Remark Using the fact that the exponential generating function of the cycle index polynomials (this time non-renormalized) is an exponential (see here), it might be possible to show that no closed form exists for the Fourier transform of the Dirichlet distribution (i.e. $${}_k\Phi_2$$ is in general not resummable to a composition of elementary functions)

Why looking for the Laplace transform of a Dirichlet distribution, while even in dimension $$n=2$$ this is not elementary and are called the Kummer special functions? Laplace transforms are good for addition of independent random variables: and who cares for adding something concentrated on a tetraedron?

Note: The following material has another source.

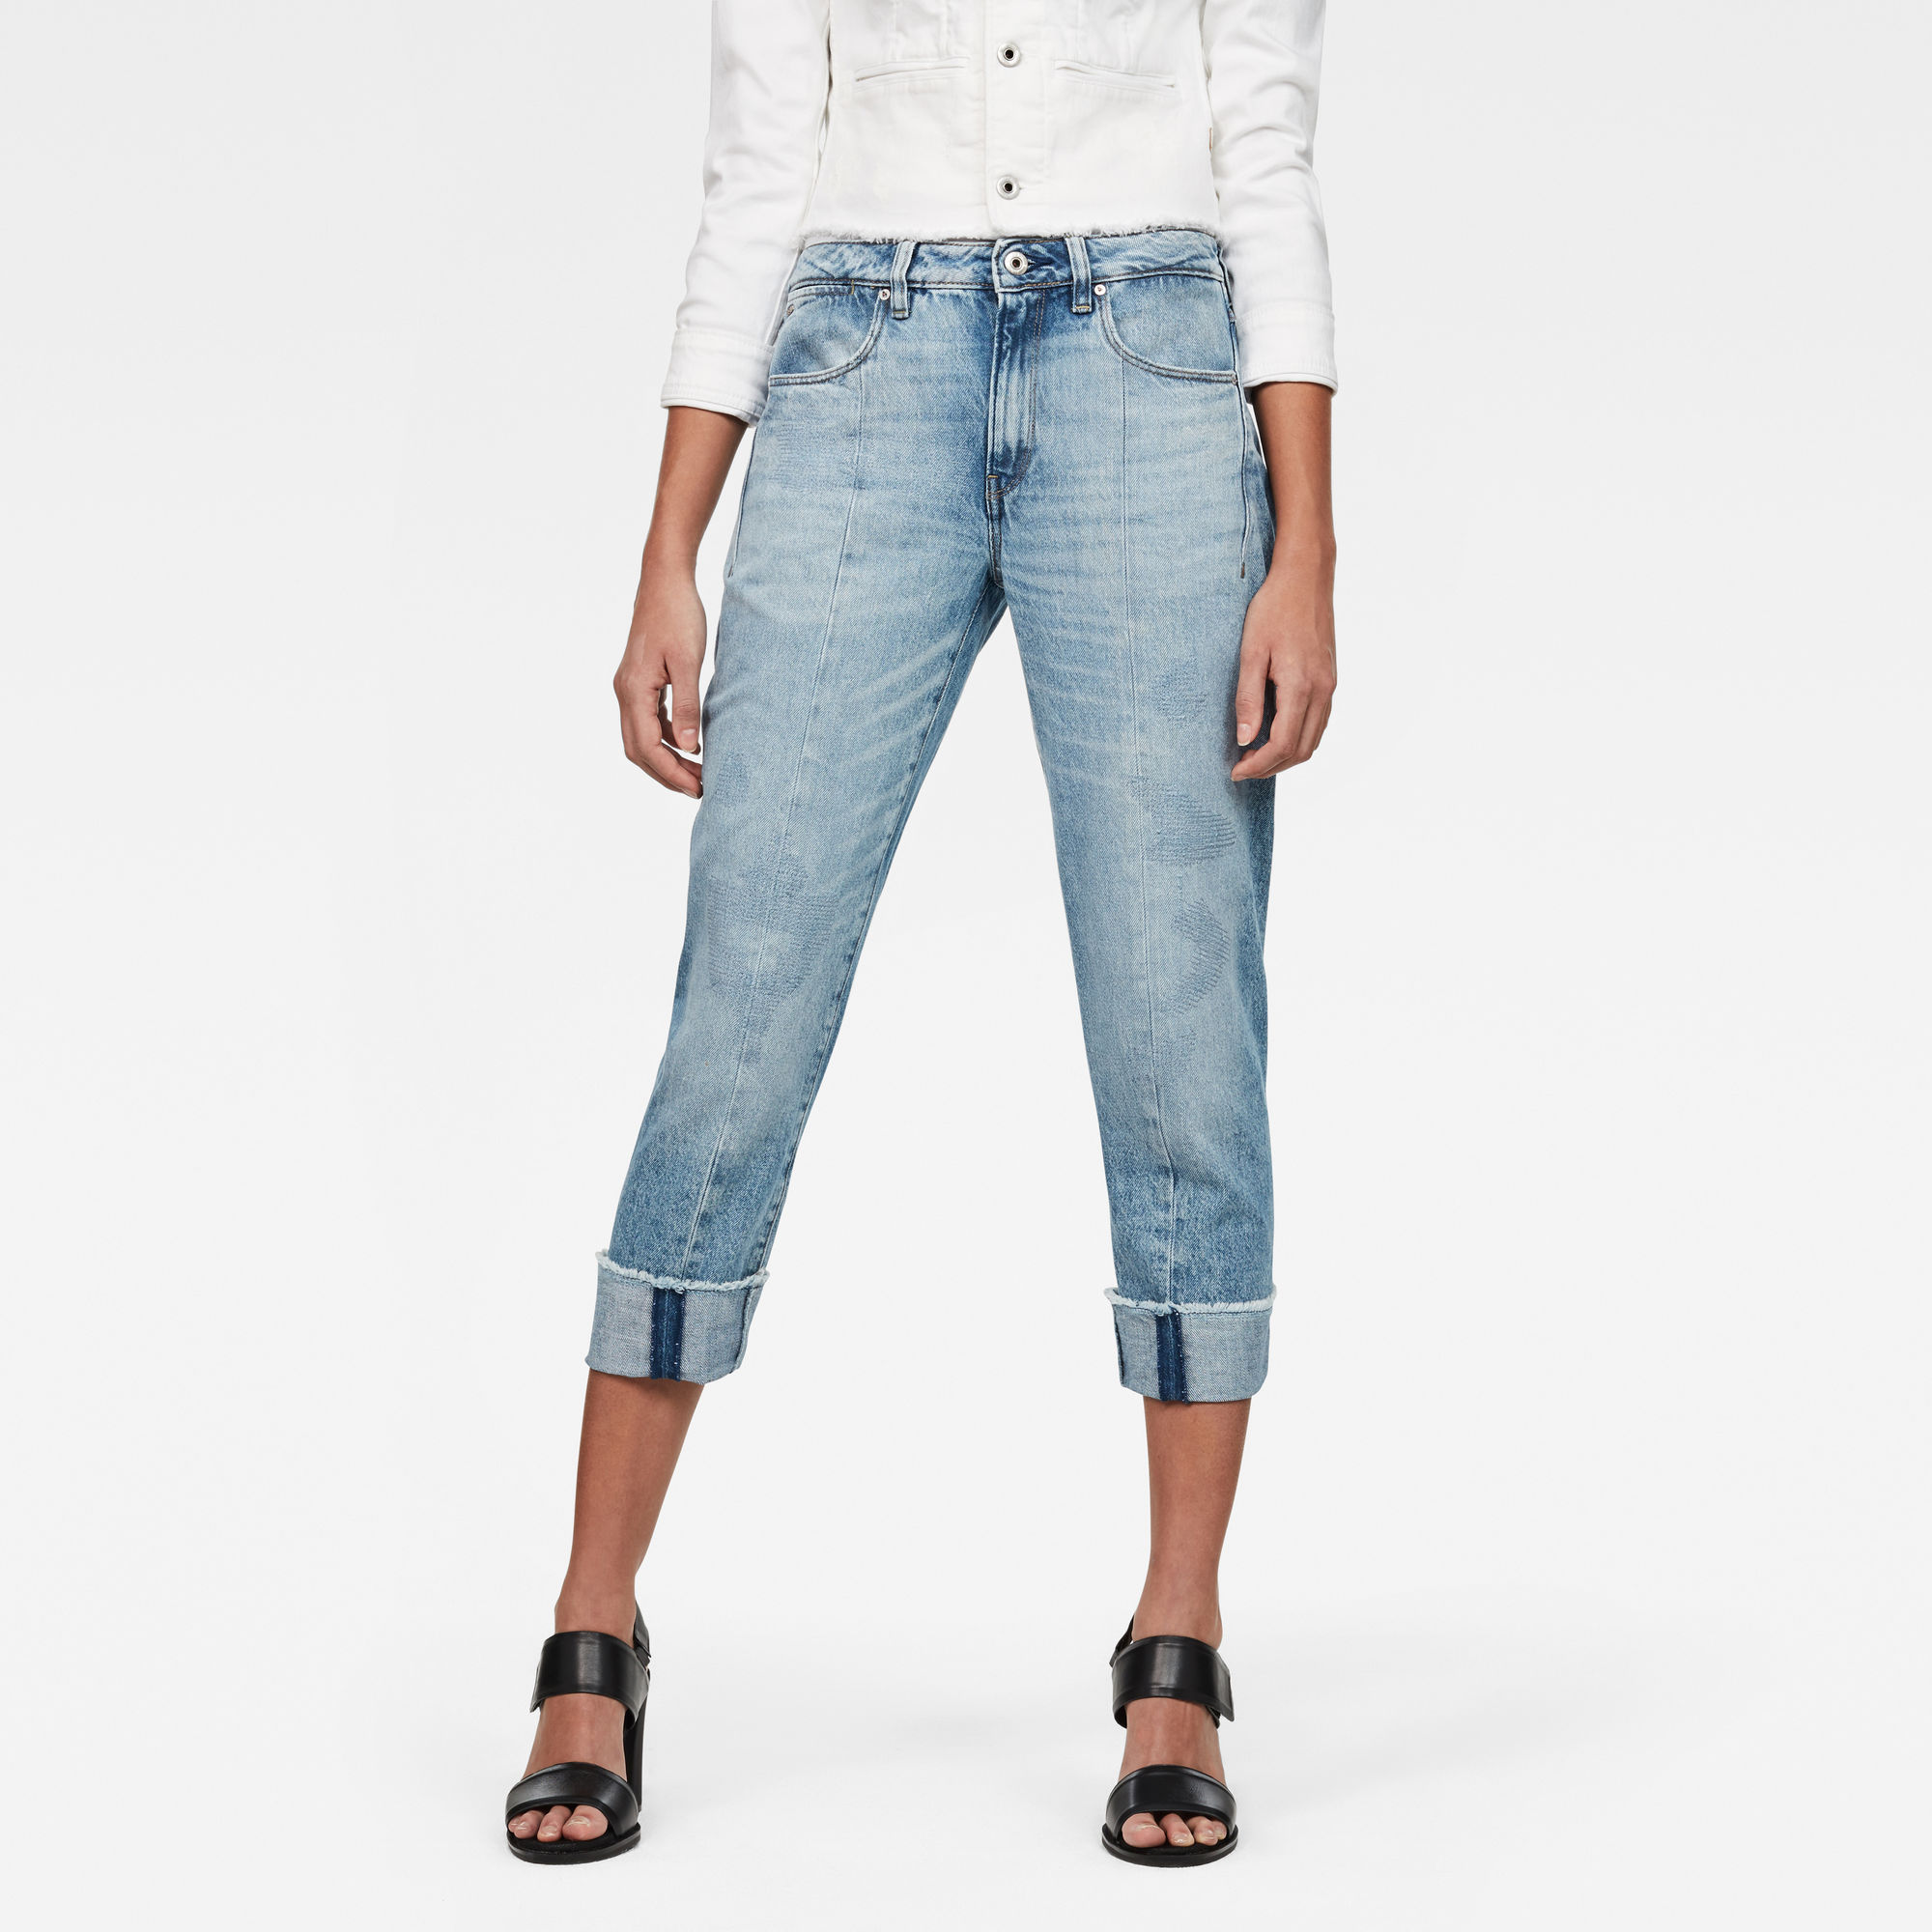 Lanc 3D High waist Straight Ripped Jeans

In the other hand, Dirichlet distributions have their moments quite easy to compute. Let me mention also the following integral, with the notations $$x_n=1-x_1-\cdots-x_{n-1}$$ and $$a=a_1+\cdots+a_n$$ $$\frac{\Gamma(a)}{\Gamma(a_1)\cdots \Gamma(a_n))}\int_{x_i>0, i=1,\ldots,n}\frac{x_1^{a_1-1}\cdots x_n^{a_n-1}}{(b_1x_1+\cdots+b_nx_n)^a}dx_1\ldots dx_{n-1}=\frac{1}{b_1^{a_1}\ldots b_n^{a_n}}.$$ Here we assume $$a_1,\ldots, a_n,b_1,\ldots,b_n>0$$

This post should have been in comments, rather than answers, but it was a bit too long. Hoping it will be useful anyway.

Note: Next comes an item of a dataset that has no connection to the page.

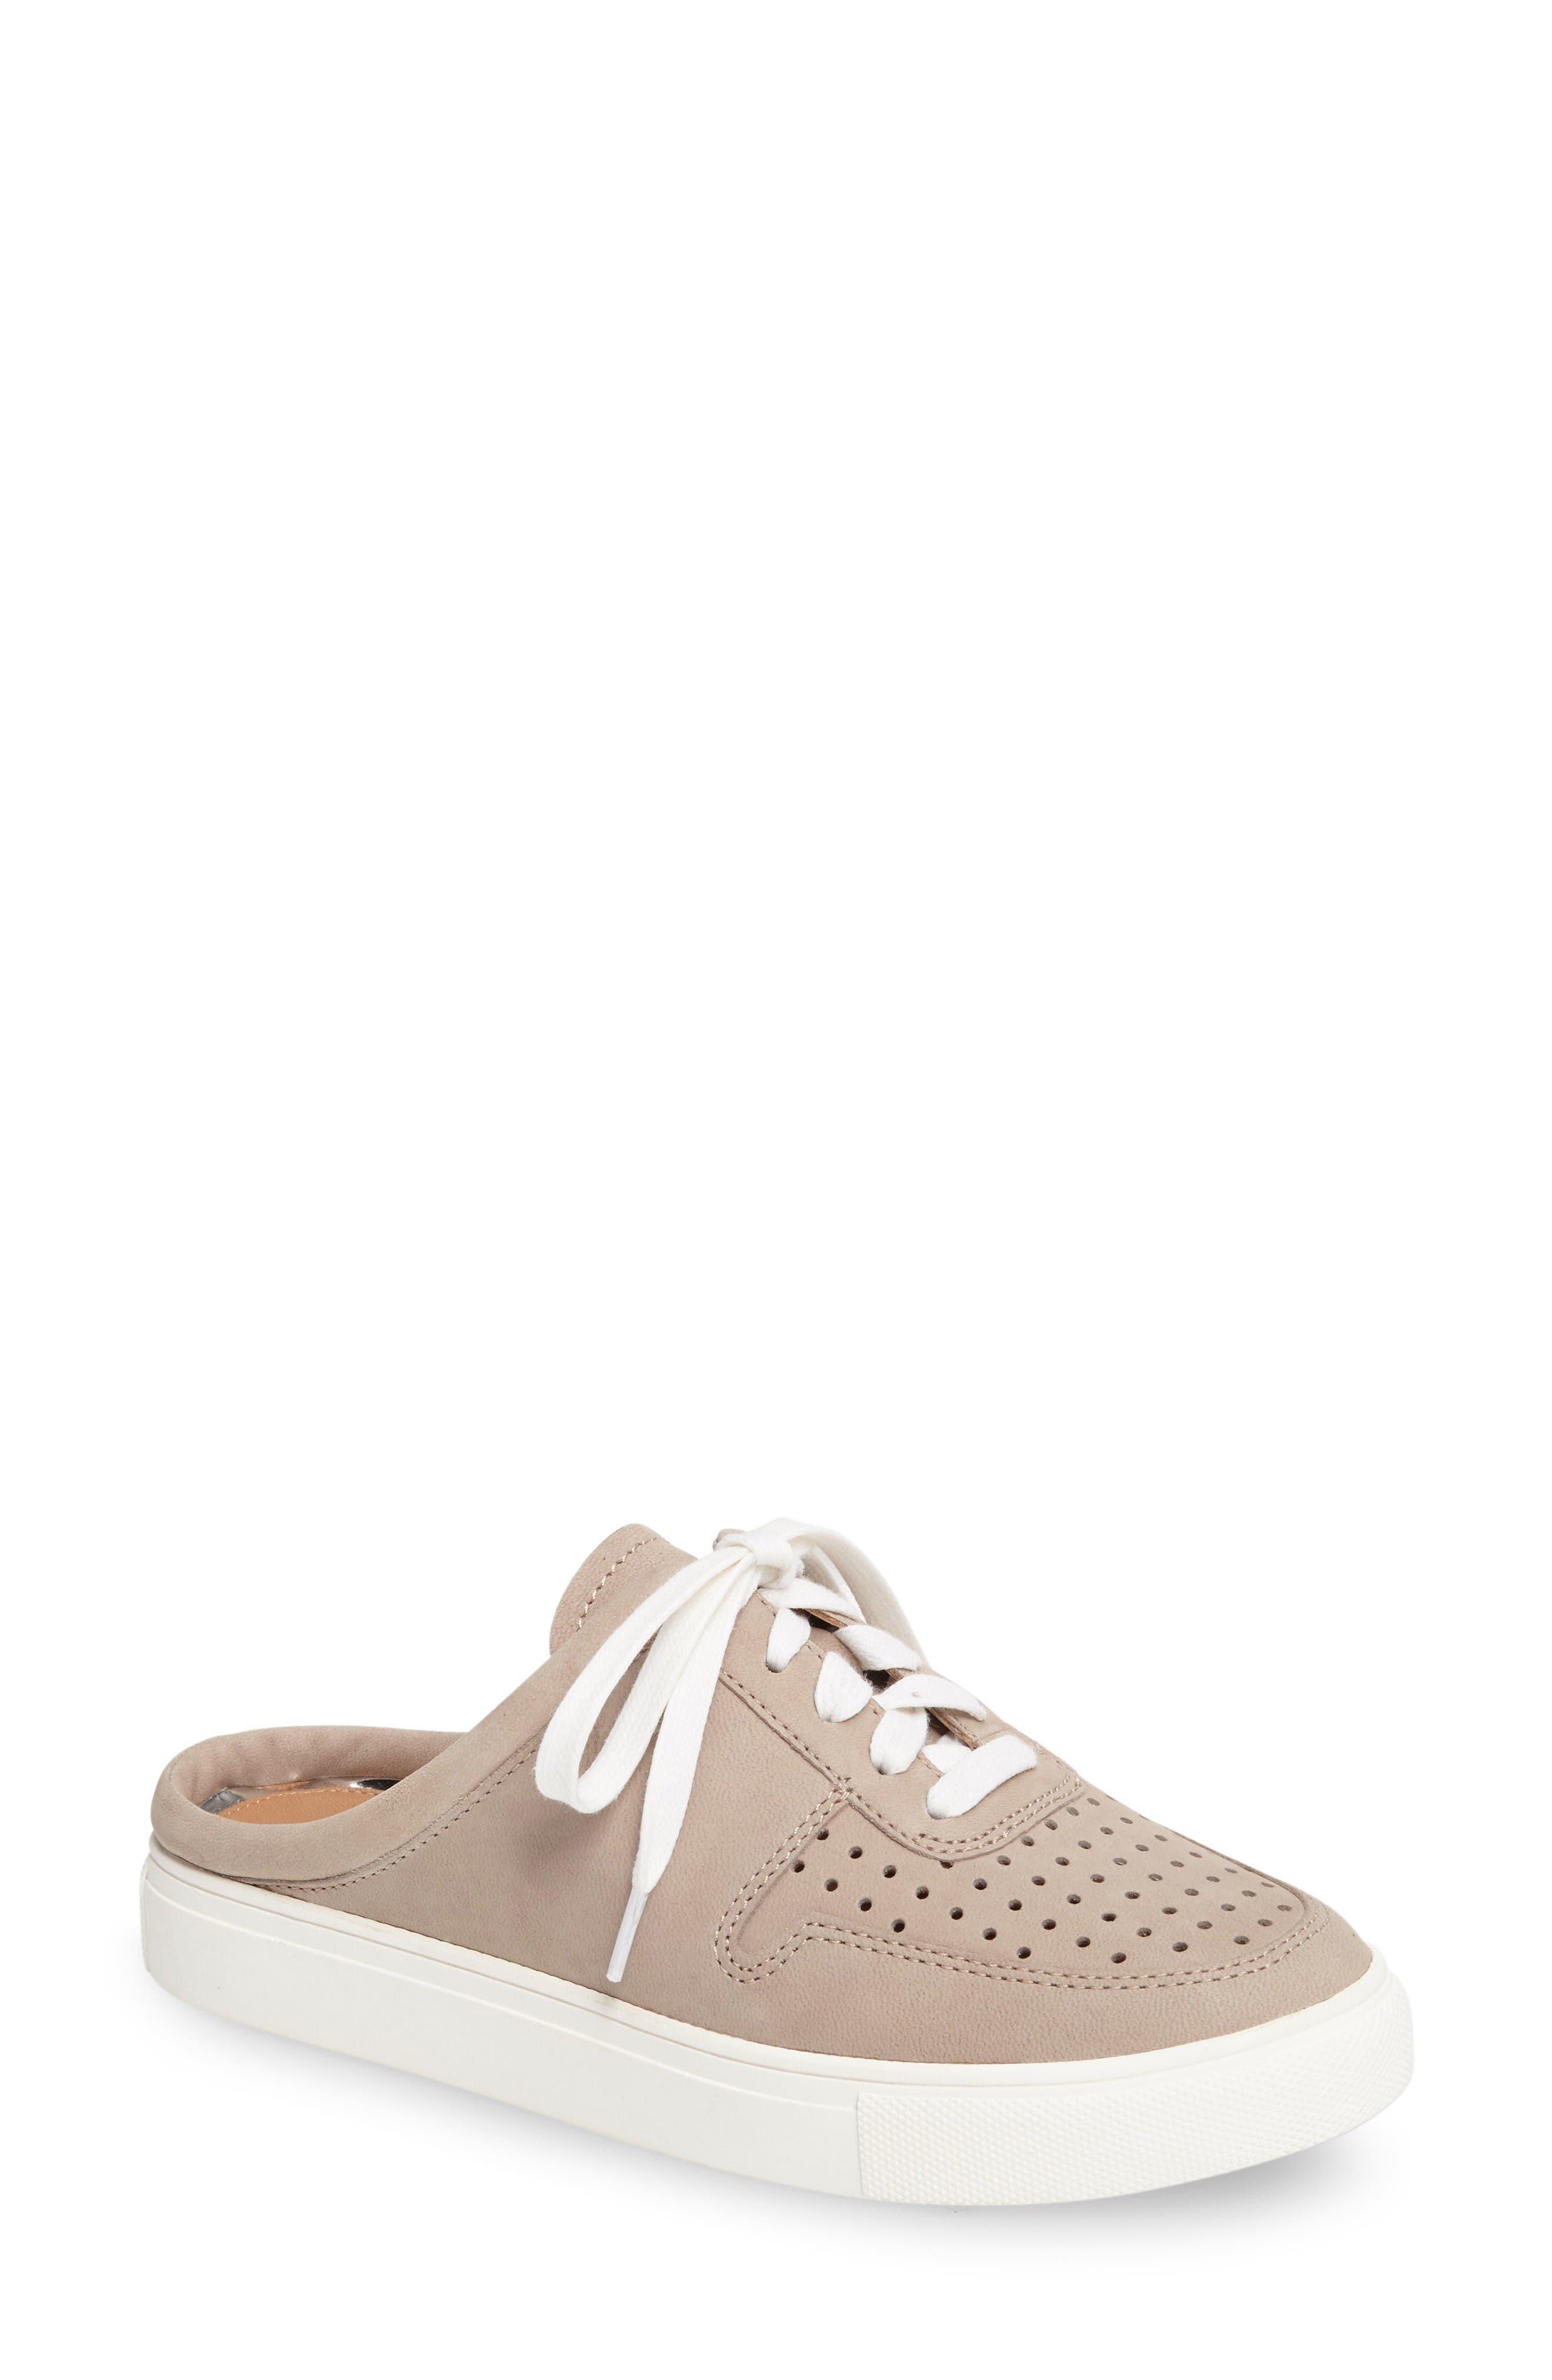 Linea Paolo Kacy Perforated Slide Sneaker (Women)

• The motivation for introducing the Fourier transform definition of the delta function was to decouple the $x_i$ integrals which would otherwise have rather complicated bounds imposed by the simplex. The delta function allows me to do the integral w.r.t. to $x_i$ from $0$ to $1$ directly and obtain the result I have in $(1)$. Commented Sep 9, 2023 at 15:41

The solution to the one-dimensional integral in is as follows:

\begin{align*} \int_0^1 x^a e^{-bx} e^{-2\pi i (1-x) k} dx &= \frac{\gamma(a + 1, b + 2\pi i k)}{b + 2\pi i k} \end{align*} where γ(a,x) is the incomplete gamma function.

This solution can be derived using a series expansion of the incomplete gamma function.

It is important to note that this solution is only valid if the incomplete gamma function is invertible.